So then you say, "Okay, what happens in a cell culture?" That's how they claim to see viruses. They take a culture of monkey kidney cells. They put unpurified material on it - meaning not an isolated virus - like mucus or bronchial fluid or feces, something they haven't actually checked for a virus. They add that to the culture along with fetal bovine serum and trypsin, and they take away the nutrients. Then the culture breaks down and they see a bunch of particles. That's what happens. Then they claim that those particles are the viruses, and that they replicated, which is why you see so many of them.

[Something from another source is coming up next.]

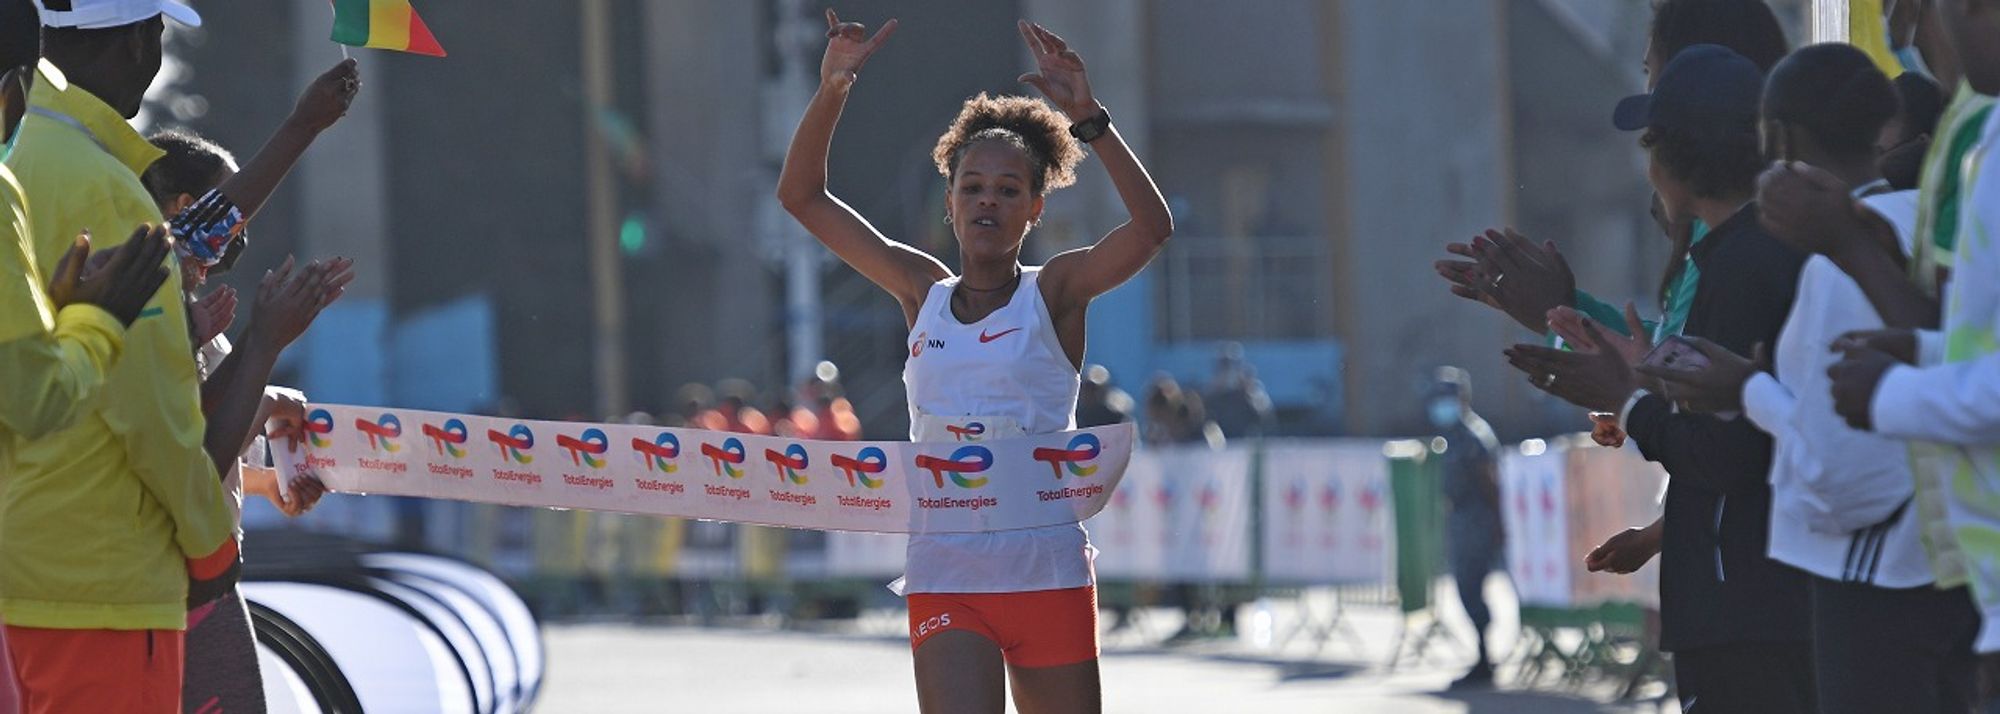 World half marathon bronze medallist clocks 31:17, taking 38 seconds off the race record

The problem with that claim is that if you start with no sample from anybody who's sick that could have a virus, and you do all the other steps - kidney culture, take away the nutrients, put in the antibiotics, put in the chemicals, the serums - it also breaks down. And you see the same particles, proving that those particles didn't replicate and that the pictures of those particles are not viral particles. They're the normal breakdown of monkey kidney cell culture given those conditions.
And there have been paper after paper showing with SARS-CoV-2, they take pictures of it showing it budding off the cells, which is what they call replication. So you see cell membranes, and you see these particles - you don't see them emerging because that would be a dynamic, that would be a video. You just see them attached to the cell membrane. And then they show you the same from kidney biopsies from the 1990s from kidney cancer - same pictures, same budding off the membrane, exact same pictures, same spike proteins and everything. And nobody can tell the difference.
So these are not proof that they're viruses. They're just what happens when various tissues die. And because they don't do proper controls, they miss it.
Follow-up: Could you talk a little bit about exosomes, which takes us sort of outside of cellular debris and into cellular communication?
Dr. Cowan: I mean, some people think they're real. I think it's just debris. I think the exosome thing was something that we went down that path as a "Well, it's got to be something." But it's not. All you see is cell cultures breaking down. Or you do a biopsy of a lung cancer, and you see cancer tissue breaking down, and you see these particles. All you see is debris. You don't see anything communicating. I don't buy that anymore.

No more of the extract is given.